En ese momento, la clase se convirtió en un laboratorio virtual. Cada alumno tenía acceso a una pantalla donde podían modificar variables en simulaciones: reforestar selvas, prohibir plásticos, implementar energías limpias o regular la pesca industrial.
—¡Miren esto! —gritó Diego—. Si reducimos el consumo de carne en un 30%, se recuperan miles de hectáreas de selva.
—Y si compartimos los recursos en vez de acumularlos —añadió Lulú—, la pobreza extrema baja… y también los conflictos.
Las pantallas mostraban proyecciones con indicadores cambiando: mejor calidad del aire, disminución de enfermedades, más biodiversidad.
—¡Esto es justicia! —dijo Rosalinda—. Justicia no es castigar, es evitar que se cometa el daño, es repartir lo que es de todos de manera correcta.
El maestro aplaudió.
—Eso es honestidad también: actuar con la verdad, sin doble cara. Ser coherentes con lo que decimos y hacemos.
Lila, como si entendiera, gritó desde su rincón:
—¡Coherencia, coherencia!
Los niños rieron. Pero esta vez fue distinto: no era burla, era esperanza.
—¿Qué les parece si creamos una campaña? —propuso el maestro—. Un proyecto donde ustedes enseñen a otros niños lo que hoy han descubierto.
Todos estuvieron de acuerdo. El aula se convirtió en un centro de ideas: pósters digitales, clips de conciencia, propuestas para sus comunidades, dibujos, slogans, cartas al gobierno, incluso planes para plantar árboles en los alrededores de la escuela.
Porque cuando se siembra la semilla de la justicia y la honestidad en la infancia… los frutos pueden cambiar el mundo.
JuanAntonio Saucedo Pimentel
“El Ratón y la Voz de los Niños”
En un rincón de la escuela del futuro —donde las paredes eran pantallas interactivas y la imaginación era tan poderosa como la tecnología—, durante una clase sobre ética y lenguaje, uno de los alumnos pidió la palabra.
—¿Podemos crear un personaje para expresar cómo se sienten los que son juzgados sin ser comprendidos?
Y así, nació él: un ratón virtual, pequeño y de mirada vivaz, que apareció en la pantalla principal. Tenía voz, movimientos, y una historia que contar.
—Estoy cansado —dijo con tono sereno— de que me comparen con los que roban o hacen daño. Yo solo busco migas para vivir. Me llaman ladrón, sin saber quién soy.
Los niños se quedaron en silencio. La propuesta tocó una fibra profunda. Rosalinda, que siempre tenía una reflexión que hacer, levantó la mano.
—A veces repetimos lo que oímos sin pensar. Decimos “rata” como insulto, sin entender ni cuestionar. Este ratón no es un ladrón… es solo una metáfora de todos aquellos que en verdad sin consciencia se enriquecen quitando a otros lo que les pertenece, eso no lo podemos ocultar, pero lo podemos cambiar.
Así, entre todos, empezaron a escribir un cuento desde la perspectiva de ese ratón virtual. Las pantallas se activaron y, en minutos, el aula se conectó con escuelas de otros países. La traducción instantánea permitió que niños de distintas culturas compartieran ideas, ejemplos, preguntas.
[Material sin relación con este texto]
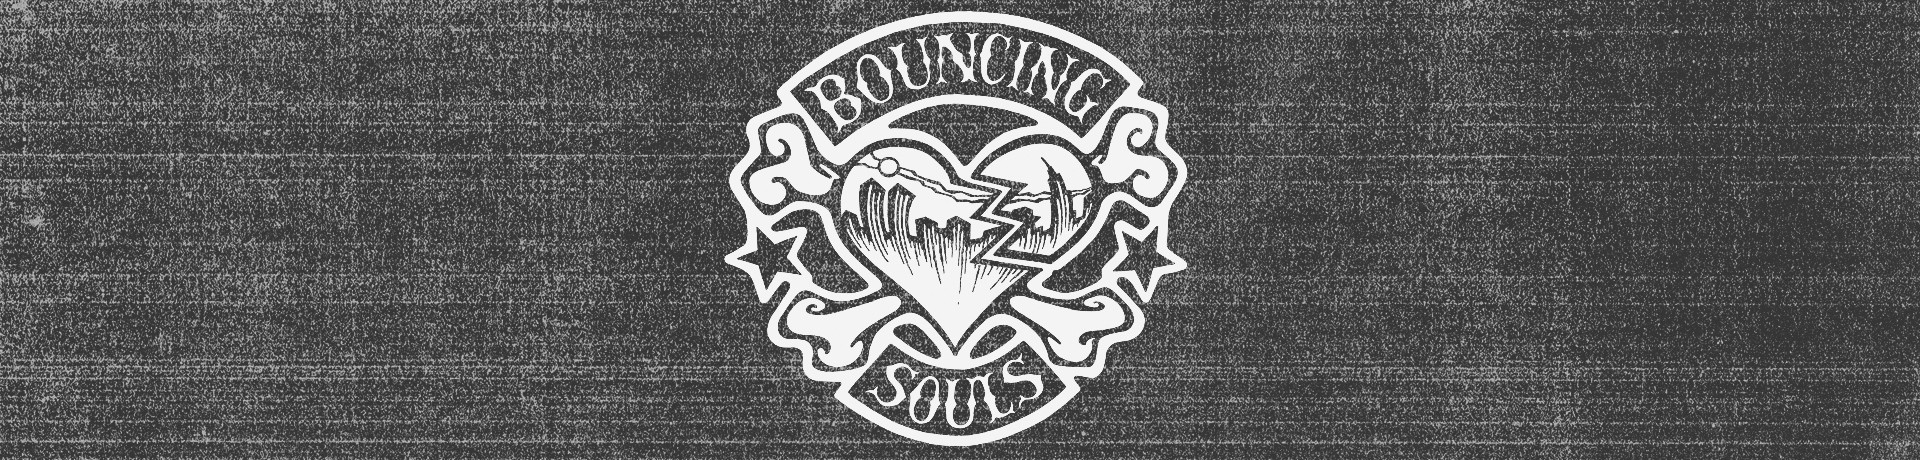 Bouncing Souls - Skull and Bones

Las aulas se llenaron de propuestas. Se habló de justicia, de prejuicios, de la importancia de comprender antes de juzgar. Descubrieron que en muchos lugares del mundo había seres, humanos o no, a quienes se les negaba la voz.
Una niña desde un lugar remoto dijo algo que quedó flotando en el aire:
—Tenemos la oportunidad de hacer lo que nunca se ha logrado: devolverle al mundo lo que le quitaron por siglos… y eso empieza entendiendo, no solo repitiendo.
El ratón virtual volvió a la pantalla con una sonrisa.
—Gracias por dejarme hablar. Gracias por imaginarme. Tal vez yo no exista, pero las ideas que represento… sí.
Y en la parte superior de la pantalla apareció una frase, escrita por todos:
“No basta con repetir lo aprendido. Hay que entender, cuestionar y actuar. Solo así, como ratones conscientes y niños despiertos, podremos sanar el planeta.”